Justice of the New Jersey Supreme Court
- Incumbent
- Assumed office September 1, 2022 Acting: September 1, 2022 – October 21, 2022
- Appointed by: Stuart Rabner (acting) Phil Murphy (confirmation)
- Preceded by: Faustino J. Fernandez-Vina

Justice of the New Jersey Superior Court, Appellate Division
- In office August 1, 2010 – September 1, 2022
- Appointed by: Stuart Rabner

Justice of the New Jersey Superior Court
- In office November 5, 2004 – August 1, 2010
- Appointed by: Jim McGreevey

Personal details
- Born: November 5, 1960 (age 65) Hackensack, New Jersey, U.S.
- Party: Republican
- Education: Seton Hall University (BA, JD) Duke University (LLM)

= Douglas M. Fasciale =

American judge (born 1960)

Douglas M. Fasciale (born November 5, 1960) is an American lawyer who serves as a justice of the Supreme Court of New Jersey.
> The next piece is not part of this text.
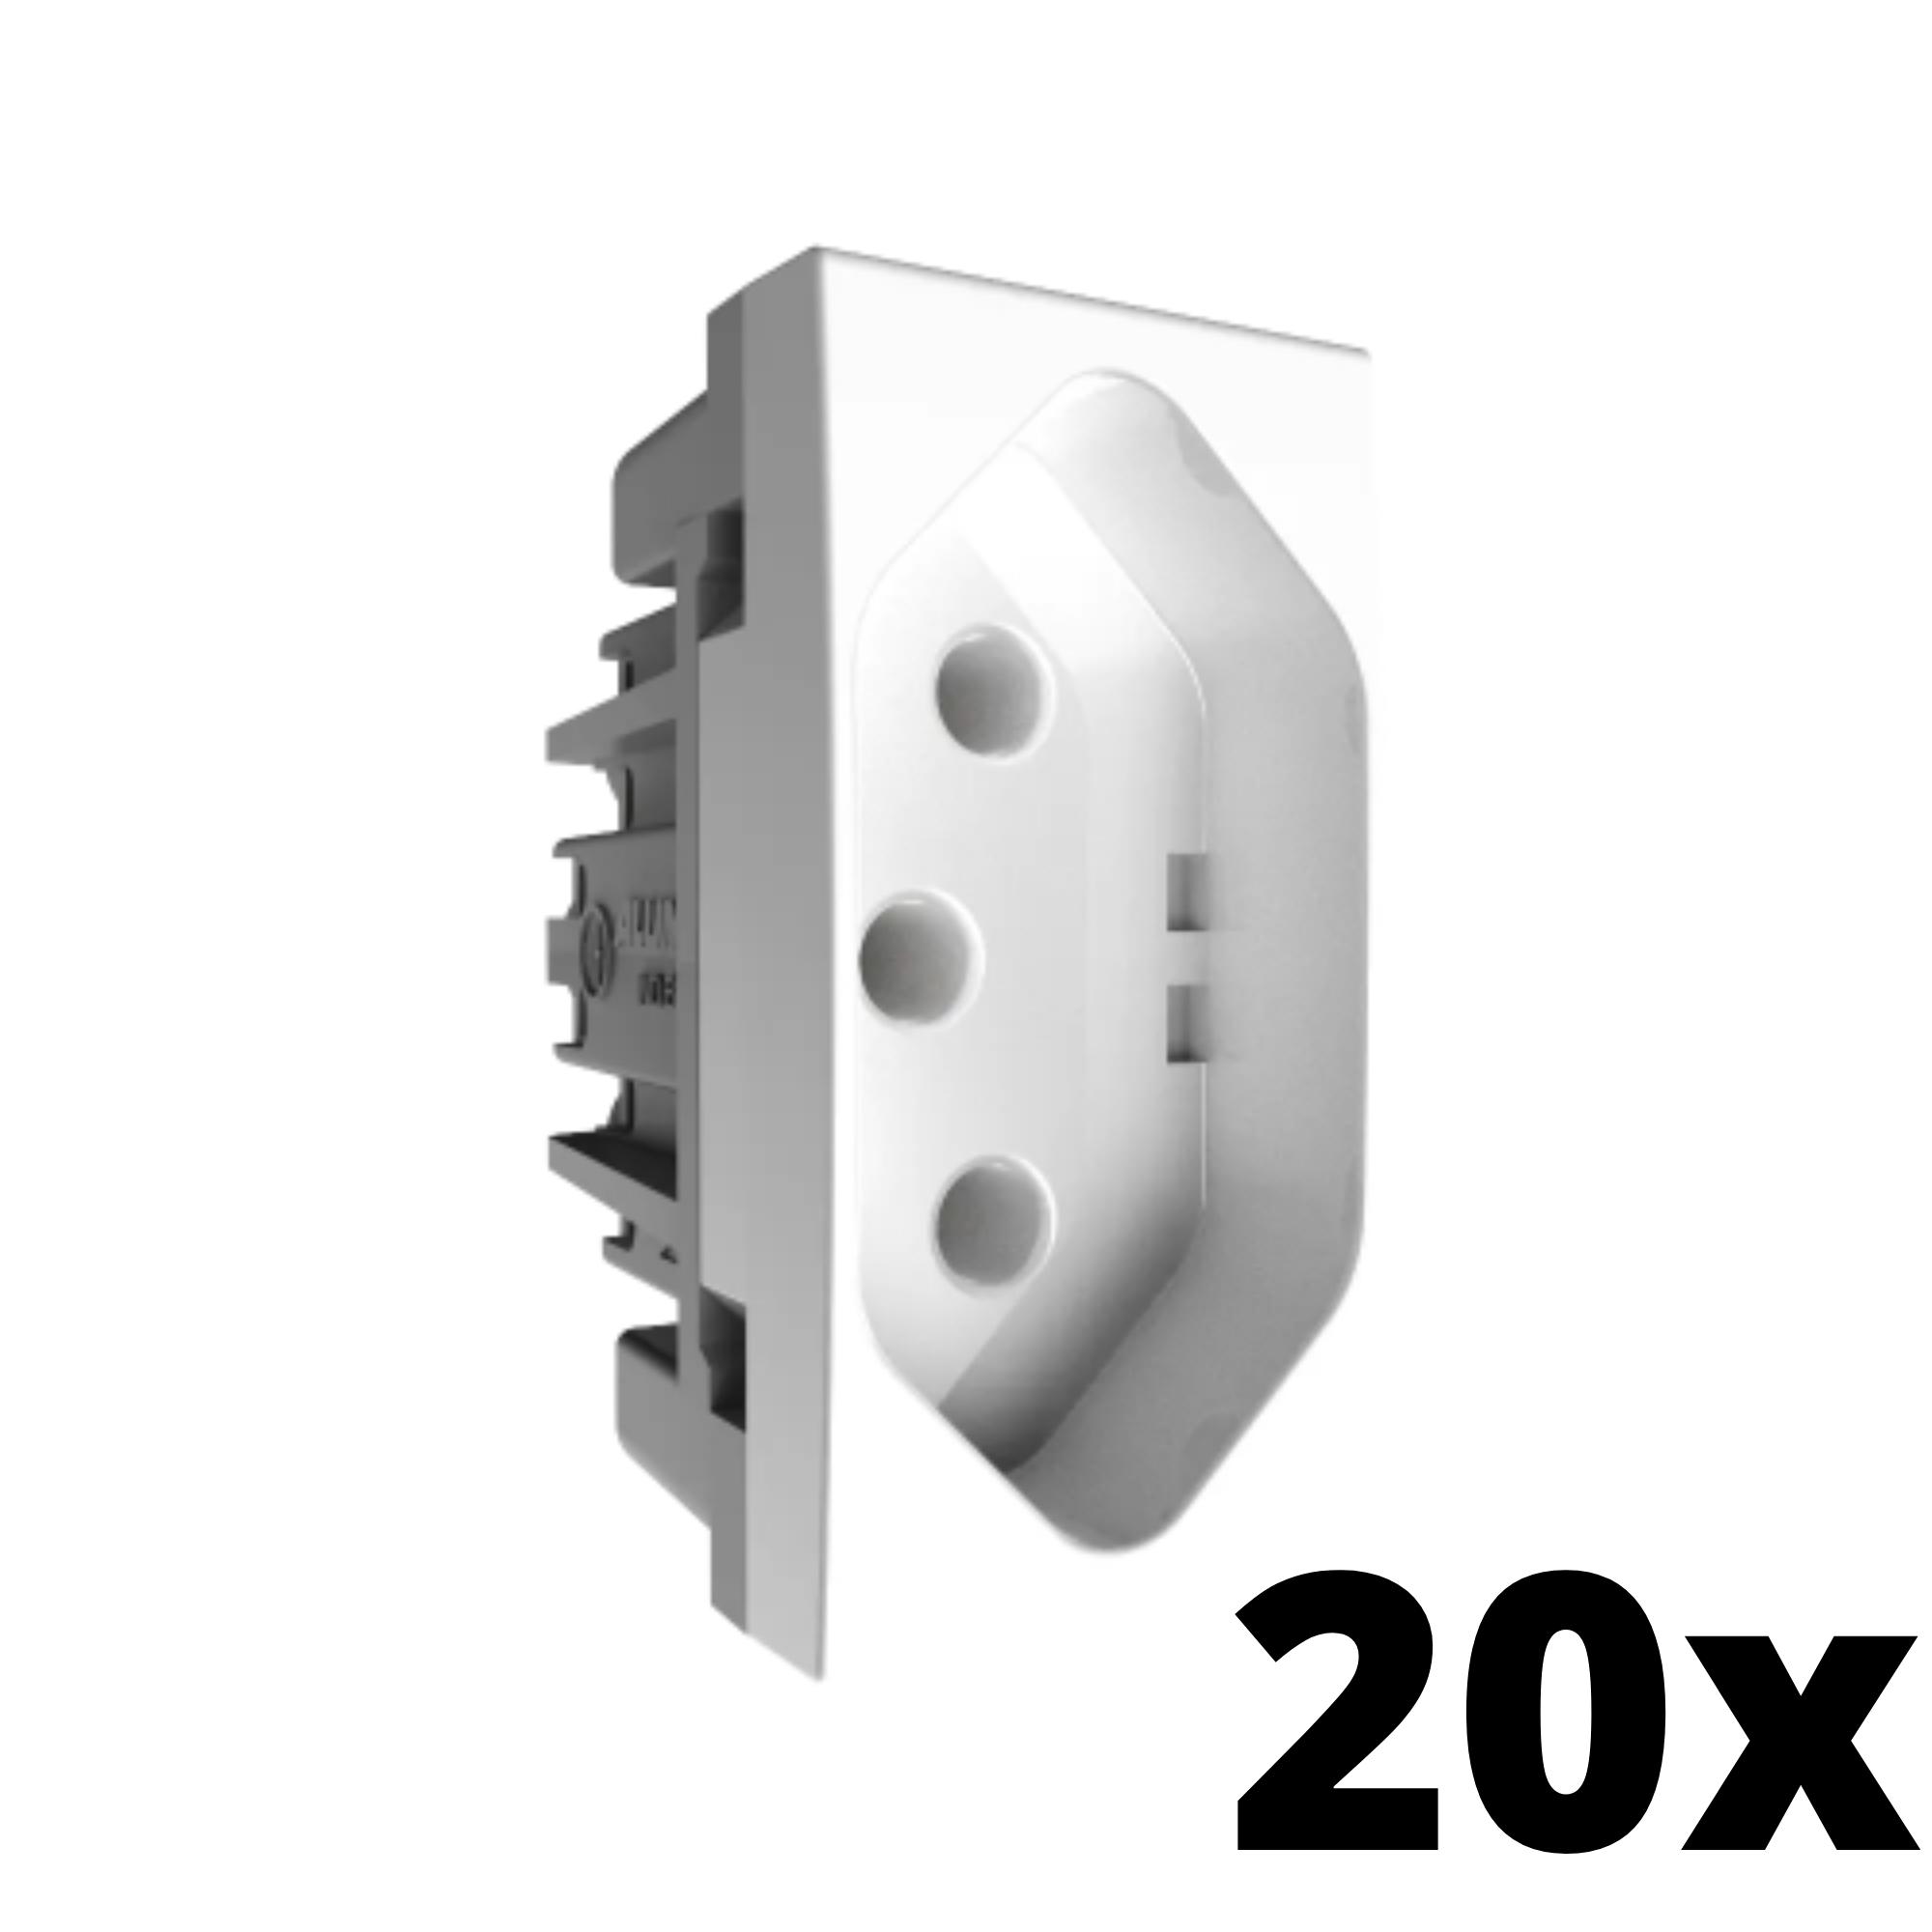 Kit 20 Inova Pró Módulo de Tomada 10A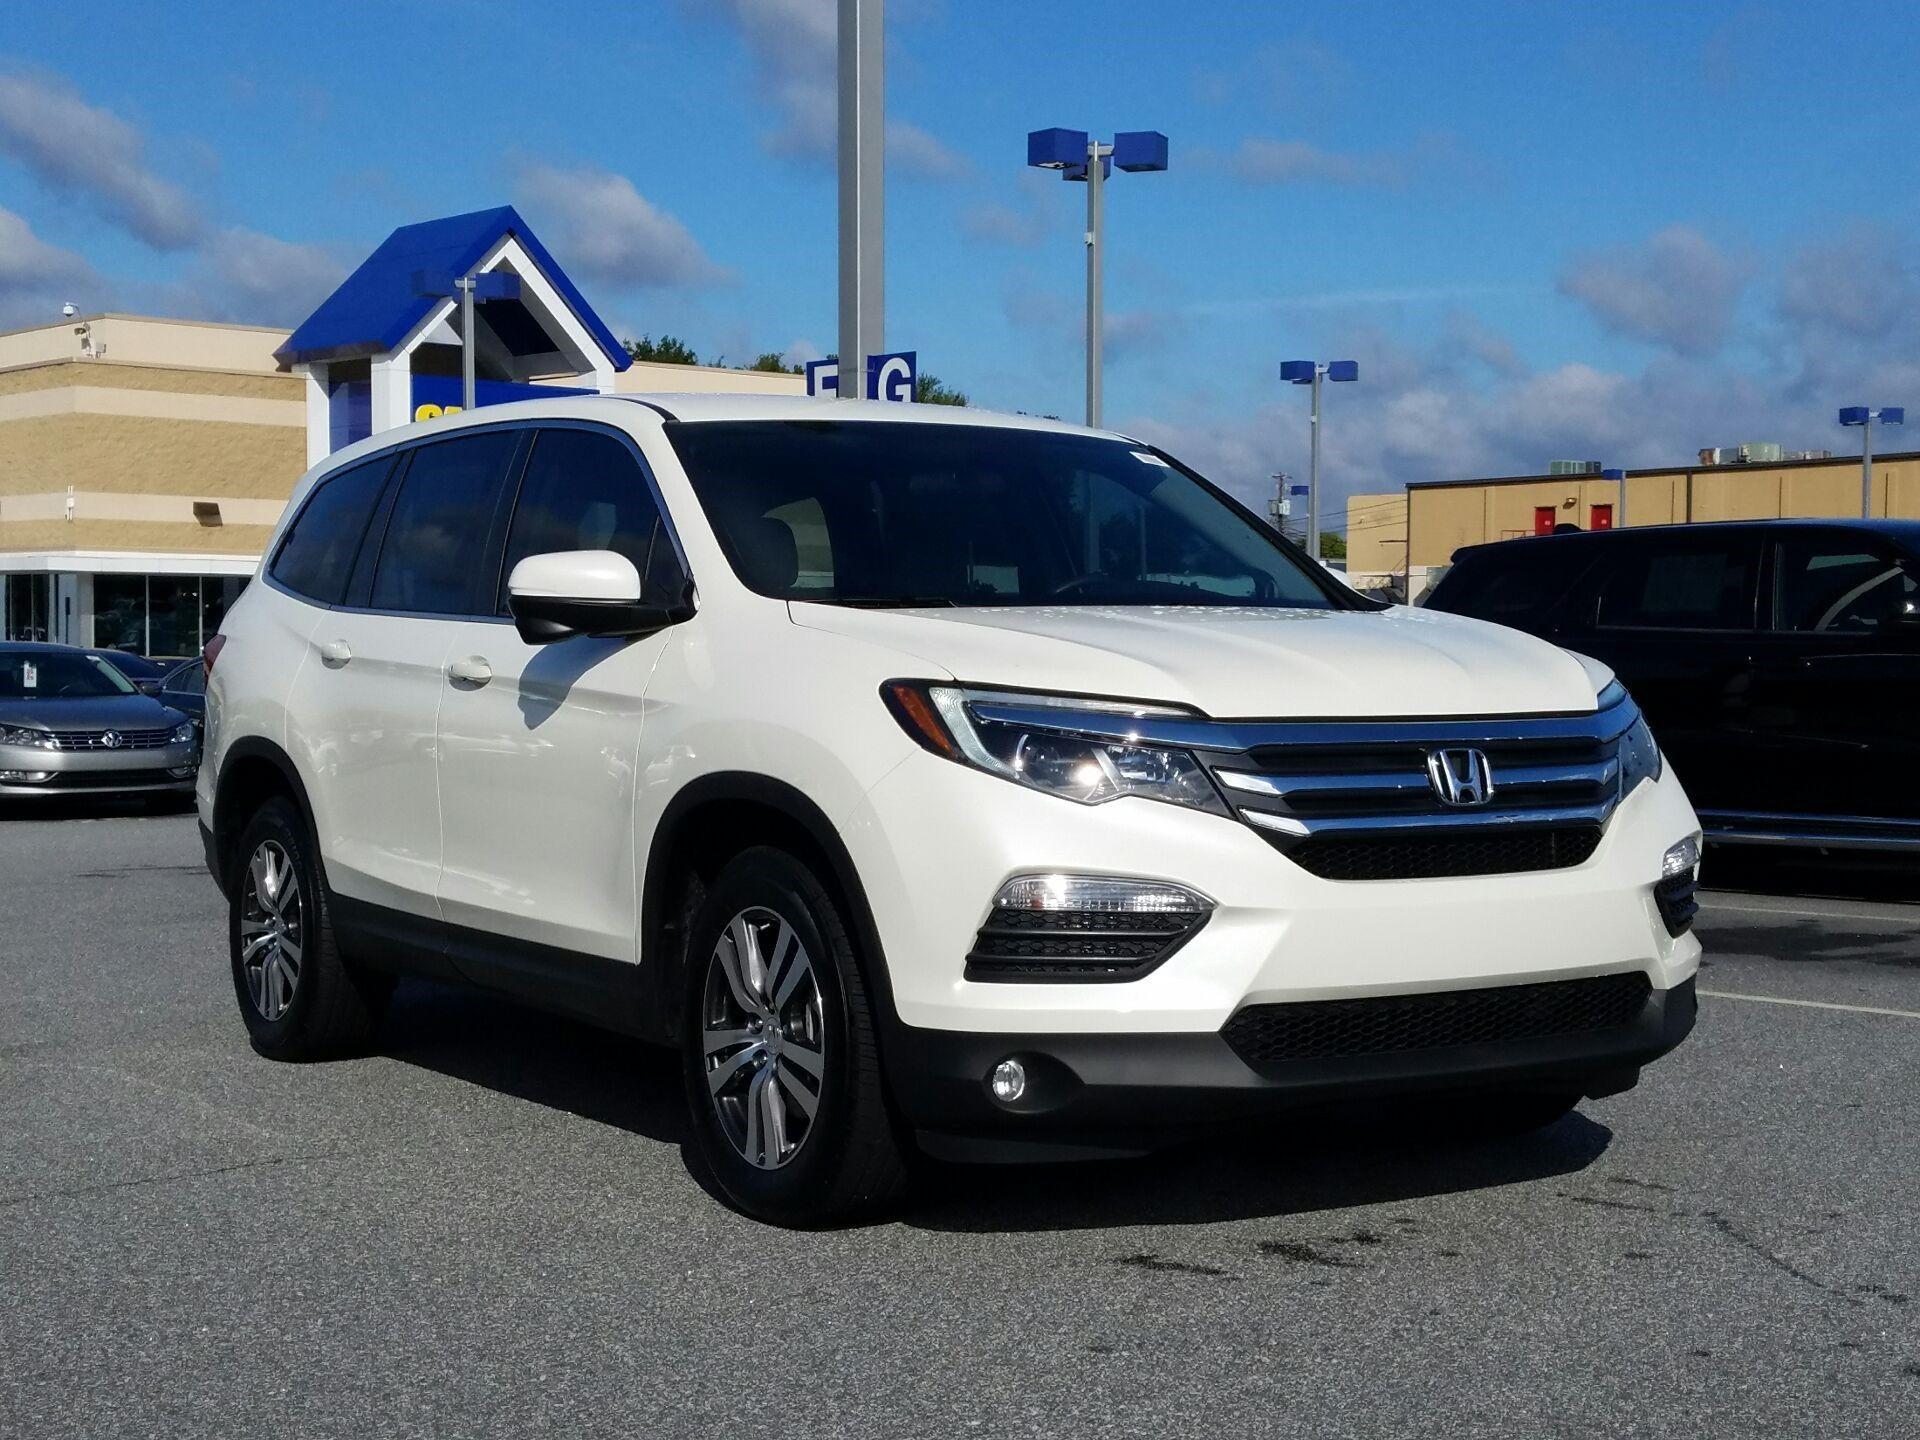 Used 2017 Honda Pilot In Dothan Alabama Carmax 2017 Honda

He is a former judge of the New Jersey Superior Court, Appellate Division. In August 2022, he was appointed by Chief Justice Stuart Rabner as a temporary justice of the Supreme Court of New Jersey. In October 2022, he was confirmed to a permanent position on the court.

== Early life and education ==

Fasciale was born on November 5, 1960, in Hackensack, New Jersey. He received a Bachelor of Arts from Seton Hall University in 1982 and a Juris Doctor from Seton Hall University School of Law in 1986. In May 2023, Fasciale received a Master of Laws degree in judicial studies from Duke University School of Law's Bolch Judicial Institute, a program for sitting judges, and was the graduating class speaker. His Master of Laws thesis, "A Case Study Analyzing How Trial Judge Experience Shapes Intermediate Appellate Review of Discretionary Determinations," was published by the Seton Hall Law Review.

== Career ==

Fasciale was a partner with Hoagland, Longo, Moran, Dunst & Doukas until 2004. He was appointed to the New Jersey Superior Court by Governor Jim McGreevey and assumed office on November 5, 2004. He served in the special civil part of the superior court as well as the family, civil, and criminal parts of the Superior Court, including terms as presiding judge of both the civil and criminal parts. On June 23, 2010, Chief Justice Stuart Rabner announced that Fasciale would be elevated to the appellate division of the superior court, effective August 1, 2010.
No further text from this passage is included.